After trying to talk to him last night, I fear that you are right. I beginning to thing that divorce is the only option I have.

I have always known that marriage is not a fairytale, I never expected a knight in shining armor, but I never expected to spend my life in so much emotional pain and depression either.

But I’m scared of being alone. We’ve been married for 12 years and I was only 19 when we got married, so I guess I’ve never really been by myself.

It was a rather long and heated discussion. He told me that he didn’t want to get married in the first place and only asked because he knew that I wanted it. He says he never thought that marriage was this much work, he thought it was just two people living together and doing their own thing. He says that he’s to tired everyday to spend time to make this work. He can’t seem to understand that sex is about both of us, not just making him happy and he will not accept any responsibility for anything he’s done to hurt me.

I guess this is a long time coming, Scarlett is correct some of the shit is even posted here.

I seem to be rambling, I’m very upset right now. Thanks to all of you for the support you’ve given.

I’ve got a lot to think about.

Sounds like you’ve already wasted 12 years with this jerk; no need to waste any more is there? You’re 31 (if I did my math right), and just coming into your sexual peak (if Dr. Ruth wasn’t lying); don’t waste your best years on this turd. Quick, somebody move this to the pit…my PG rated curse words are drying up fast.

Dragongirl, I recommend the book “Too Good To Leave, Too Bad To Stay” by Mira Kirshenbaum. When I was getting a divorce, I found it helped me take my jumble of thoughts and put some order to them.
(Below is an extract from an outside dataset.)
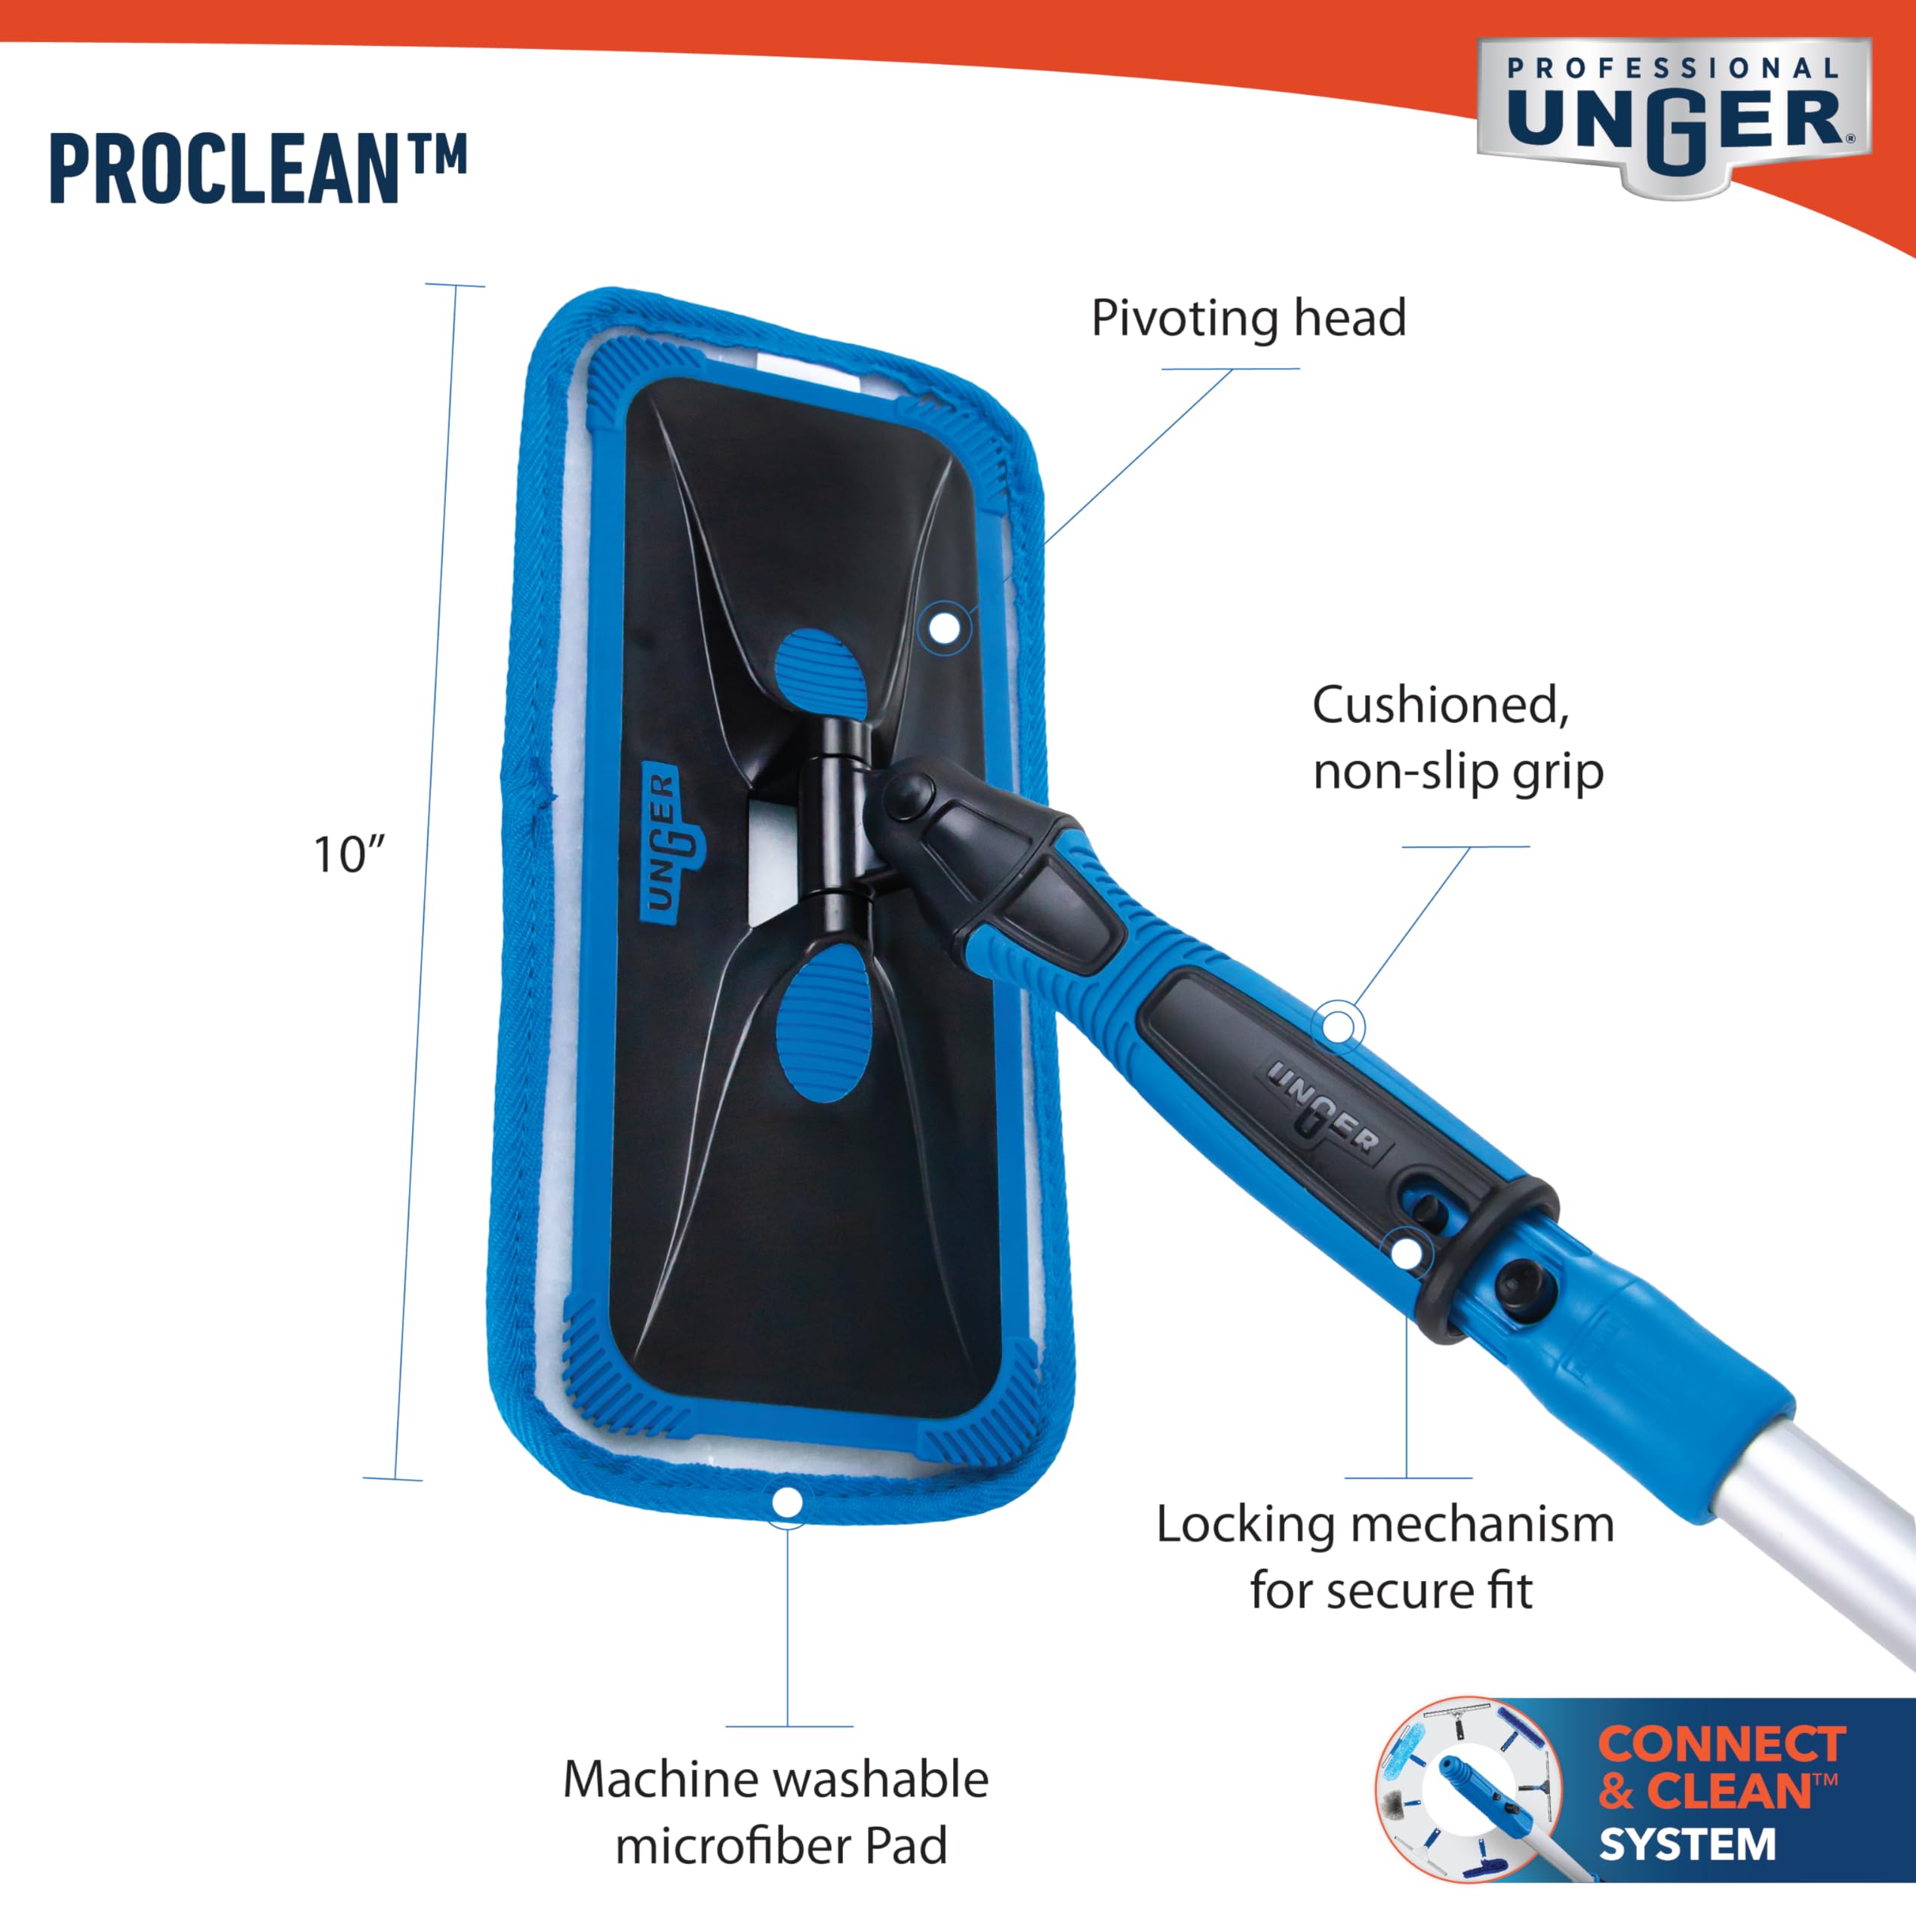 Unger ProClean Indoor Window Cleaner, Tool for Window, Glass, and Mirror Cleaning, Streak-Free Results, Reusable Microfiber Pads for Sustainability

I consider my ex to be one of the biggest jerks I’ve ever met, but I don’t think even he would have said something so awful! That was really beyond the pale. And if he’s refusing to take any responsibility for his actions, well… I doubt he’s going to change, because he apparently doesn’t want to.

One thing I can tell you… I was afraid of being alone too. But it didn’t take me long to realize that it was better to be alone forever than to be stuck with a mentally abusive jerk who didn’t respect me. One day after my estranged husband was being a particular a***e (My first day back to work after my mother died, he calls me up and starting screaming at me and demanding half my tax return, after he was going to force me to file separately), I said to myself "By God, I may be alone, but at least I don’t have to put up with his st anymore." Also, I found that I wasn’t alone for that long (even though I did go through a year of dating hell before I found someone worthwhile.)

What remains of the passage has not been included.